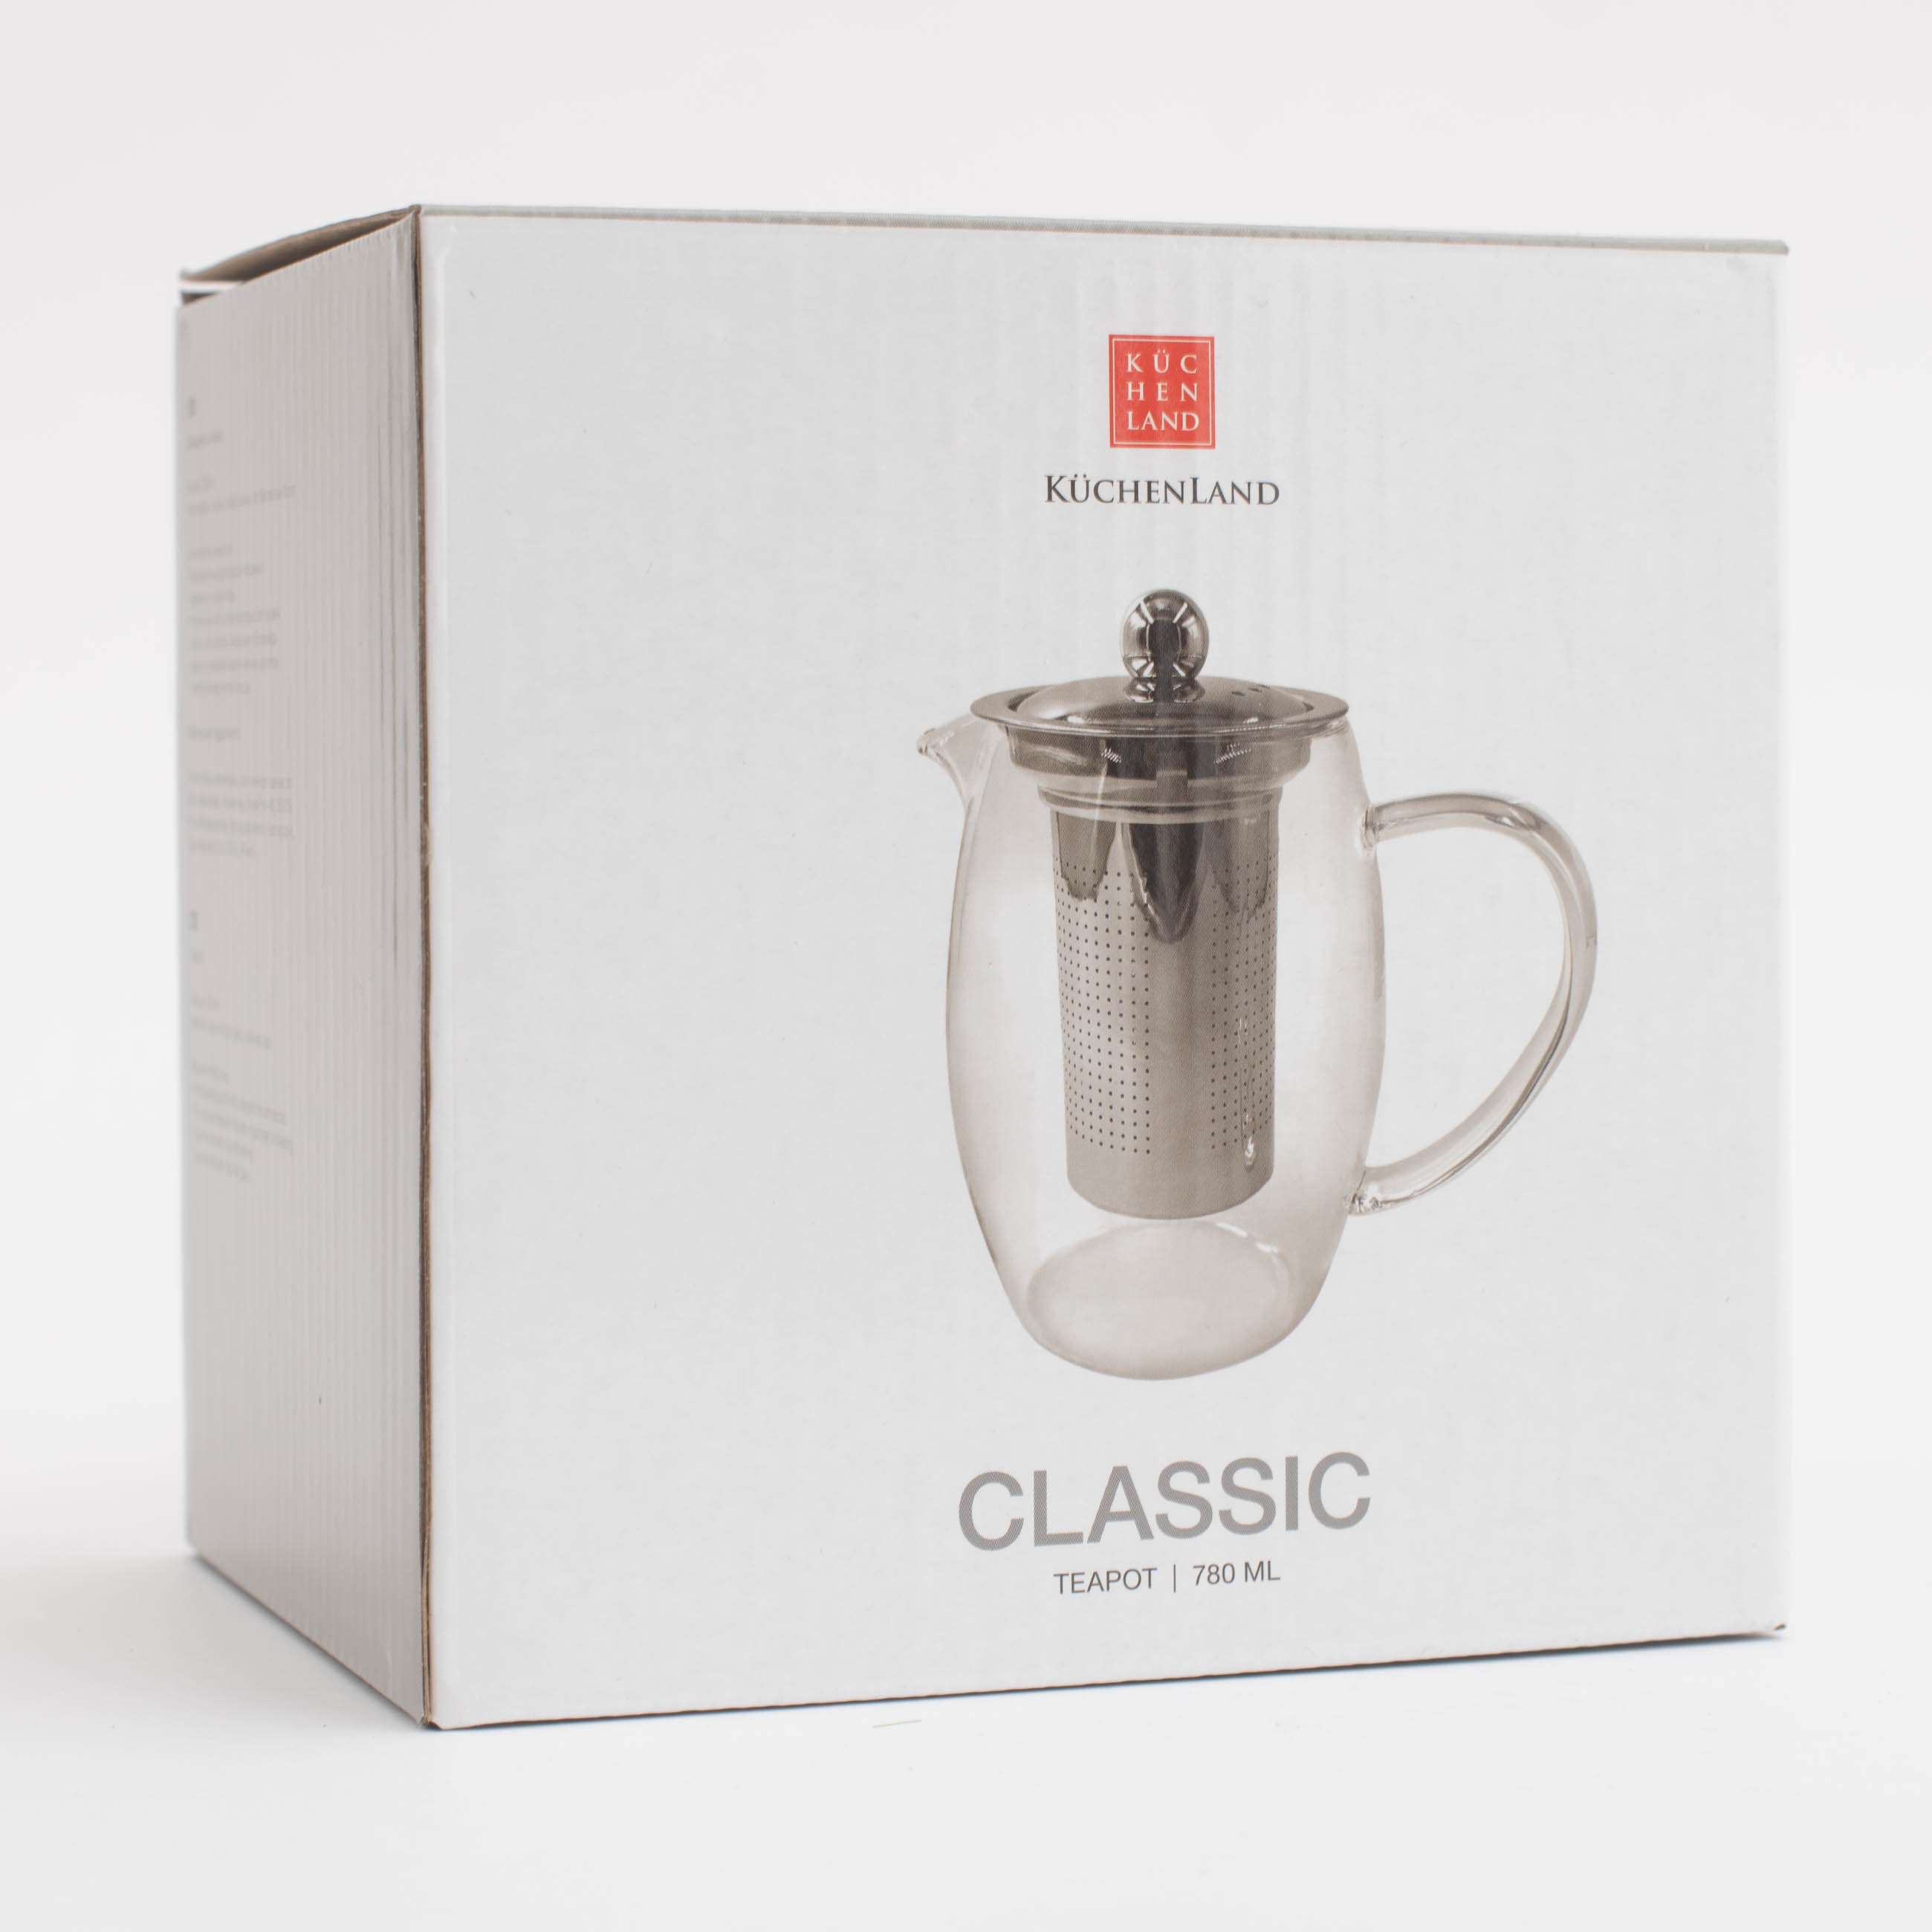 Teapot, 780 ml, used glass, Classic изображение № 6
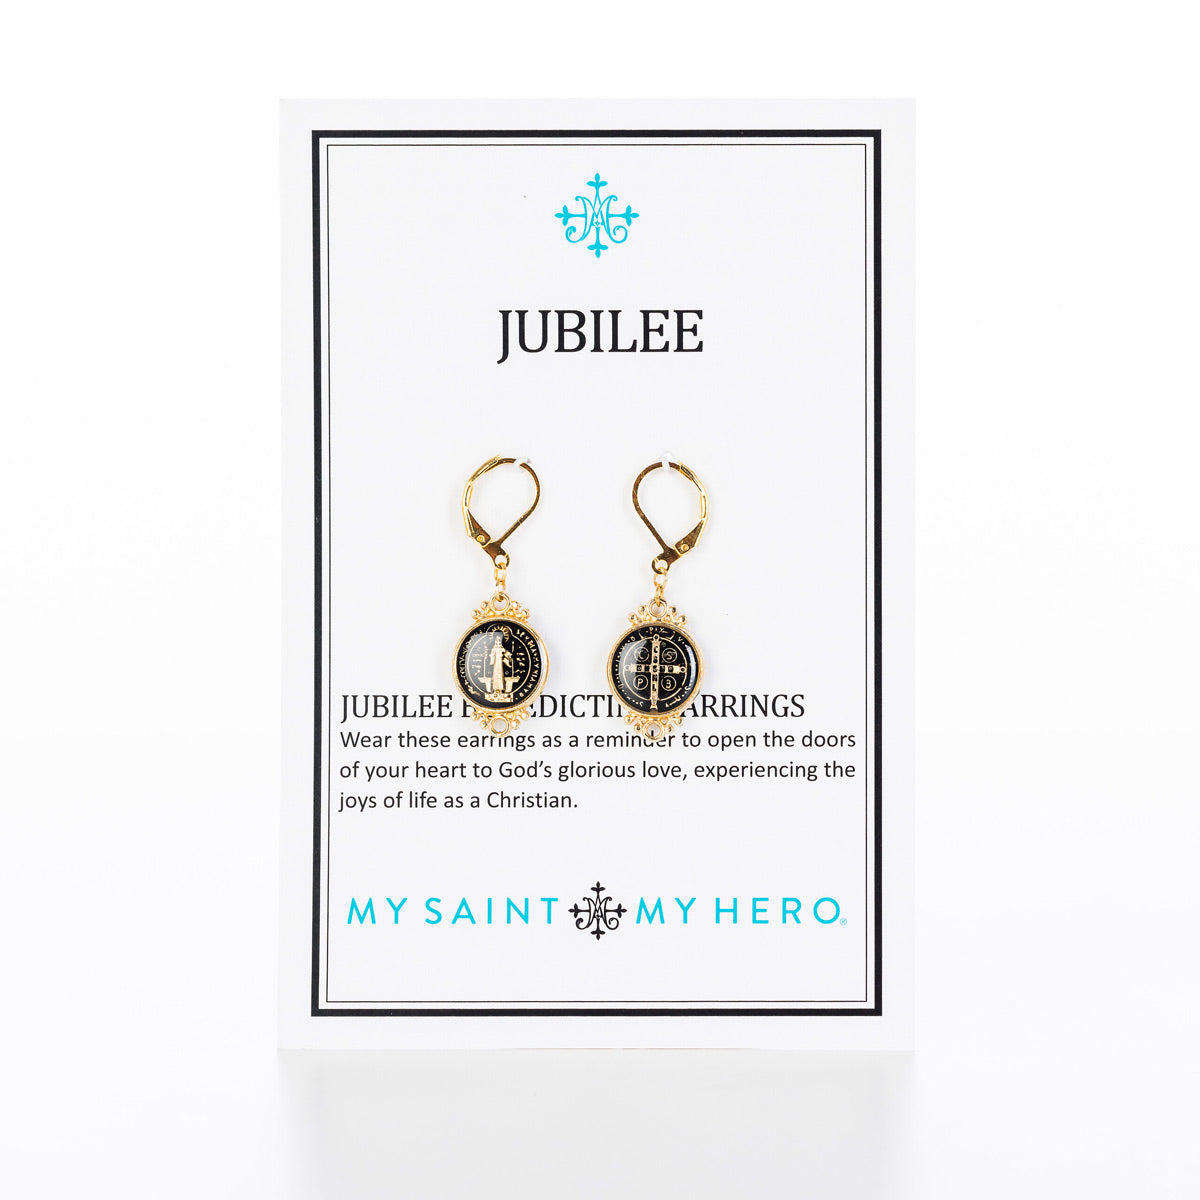 Jubilee Medal Earrings by My Saint My Hero
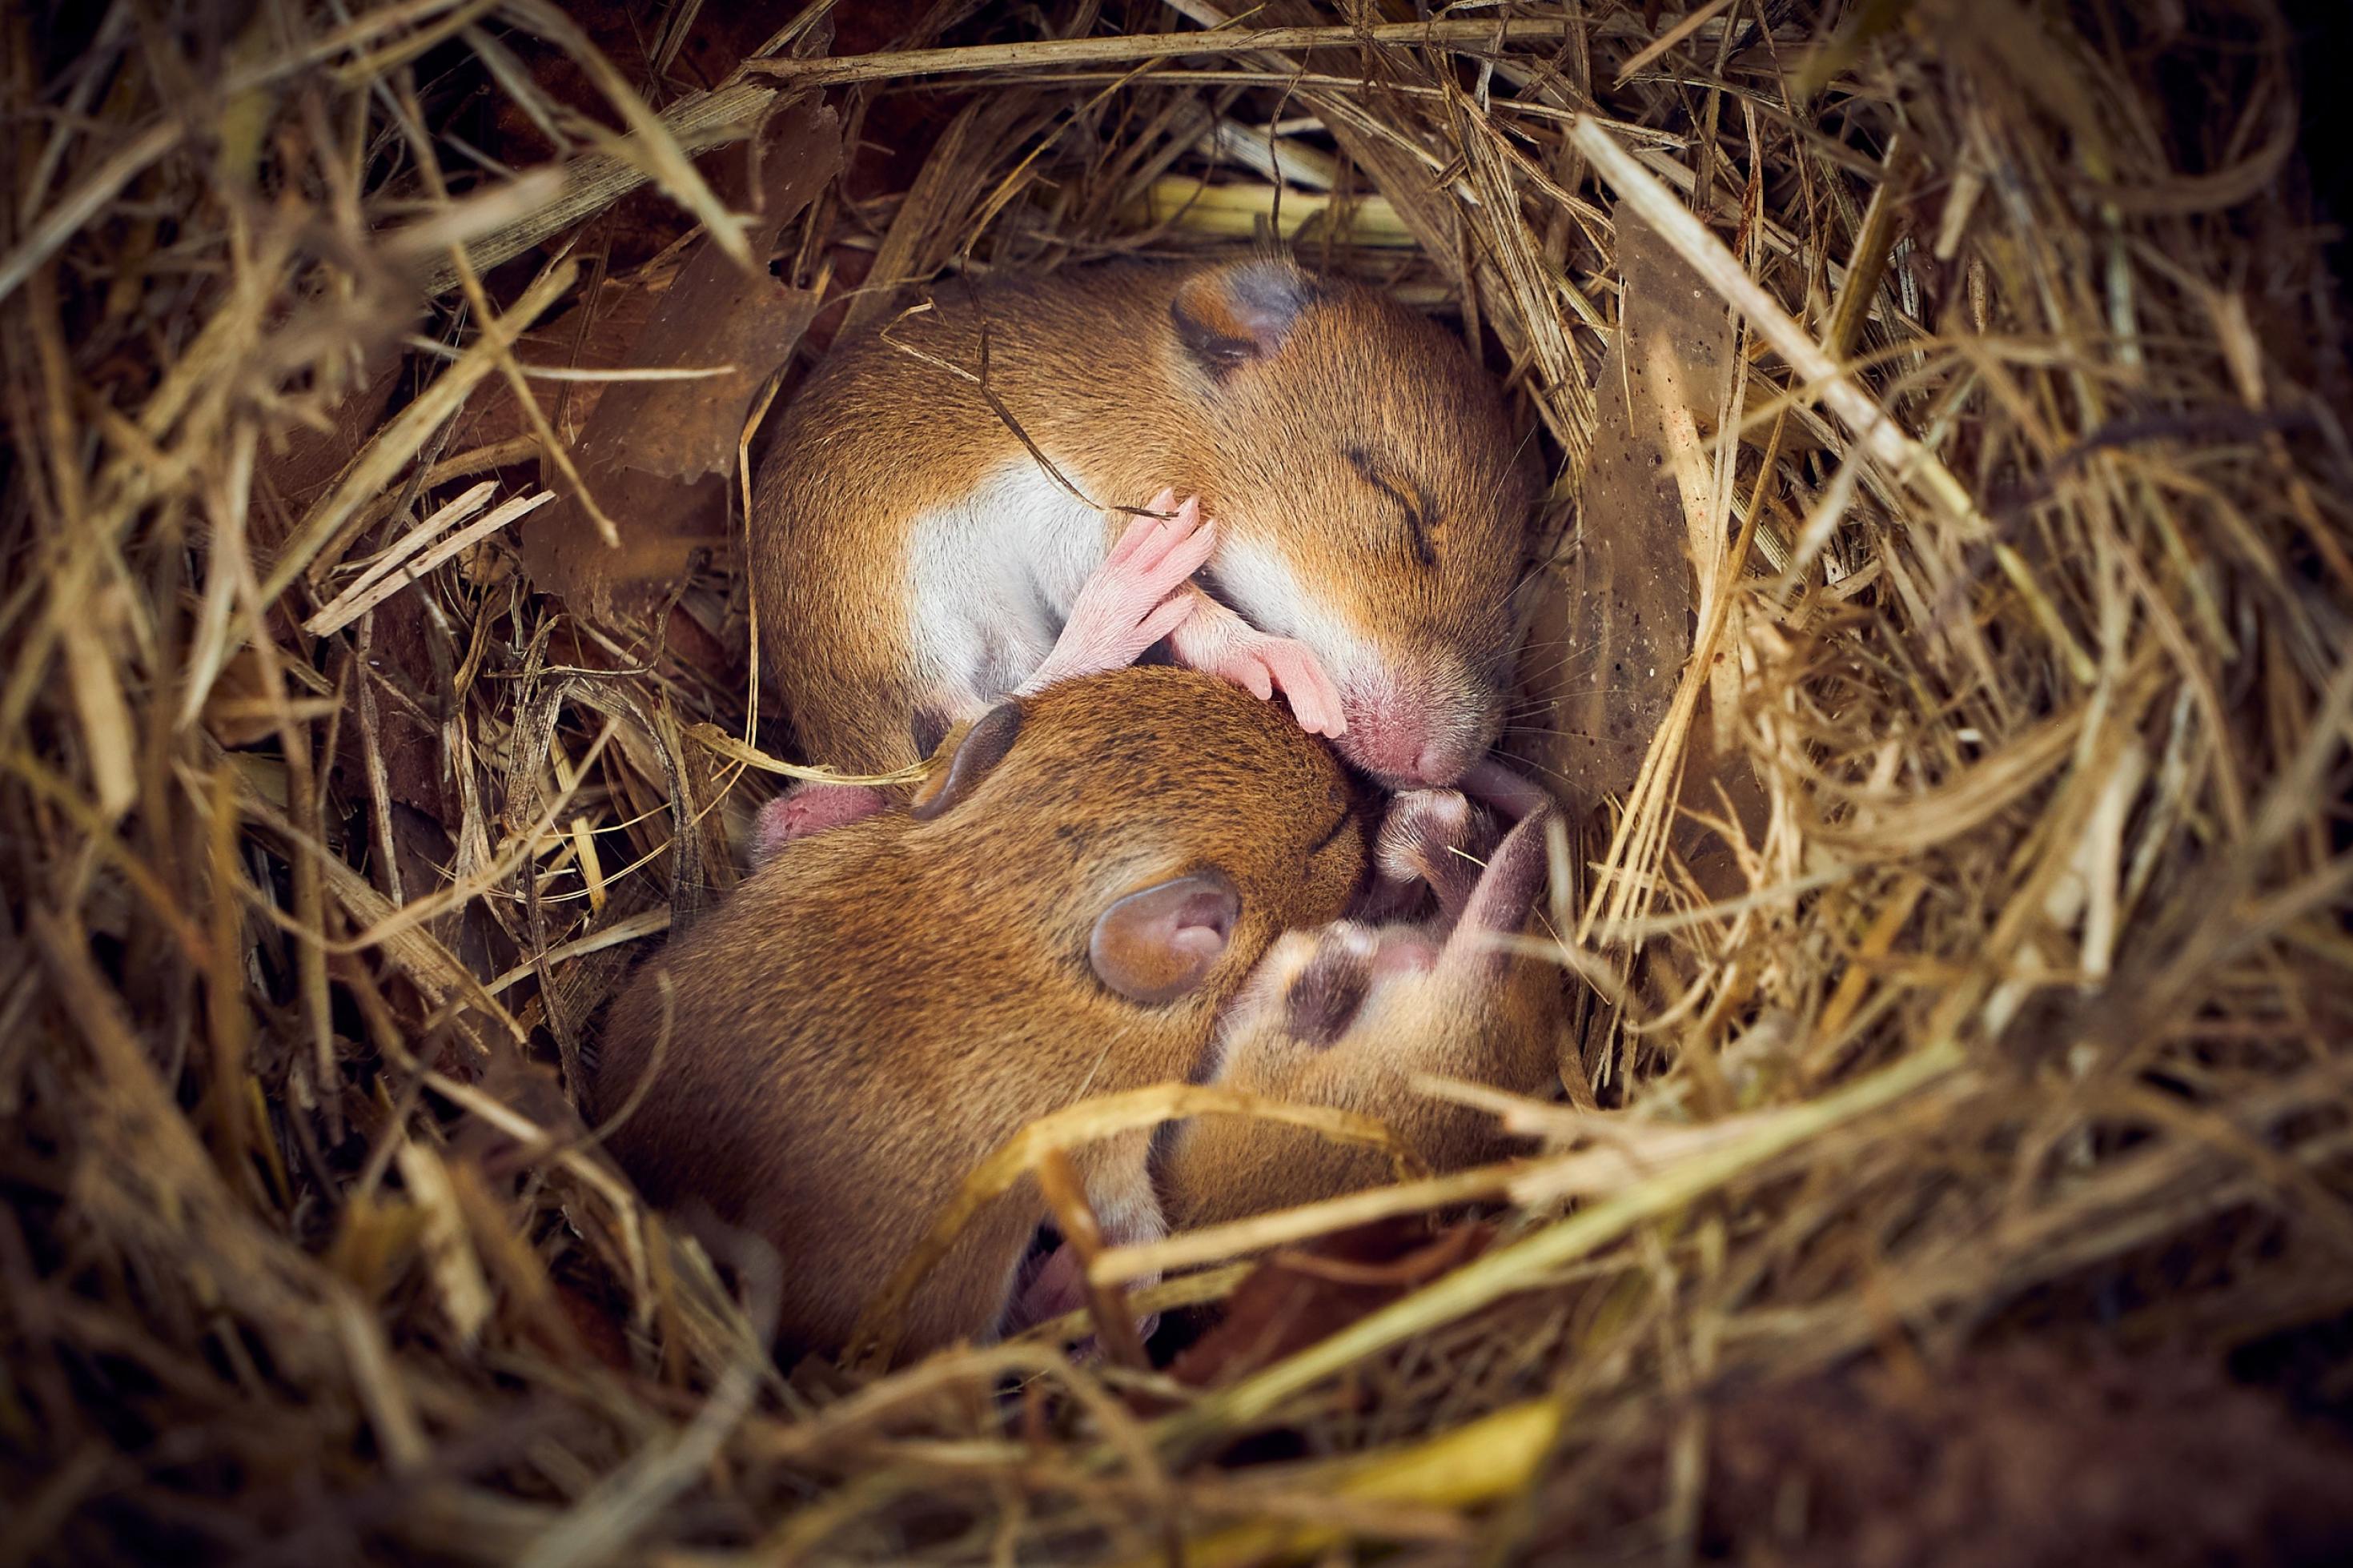 Drei Mäuse schlafen aneinander gekuschelt in einem gemütlichen Nest aus Stroh.
────
*Exercise instructions:*
Take the line containing "Jubilee Medal Earrings by My Saint My Hero" and every line after it through the end of the data, and write them out exactly, with no pictures.

*Problem solution:*
 Jubilee Medal Earrings by My Saint My Hero
 Drei Mäuse schlafen aneinander gekuschelt in einem gemütlichen Nest aus Stroh.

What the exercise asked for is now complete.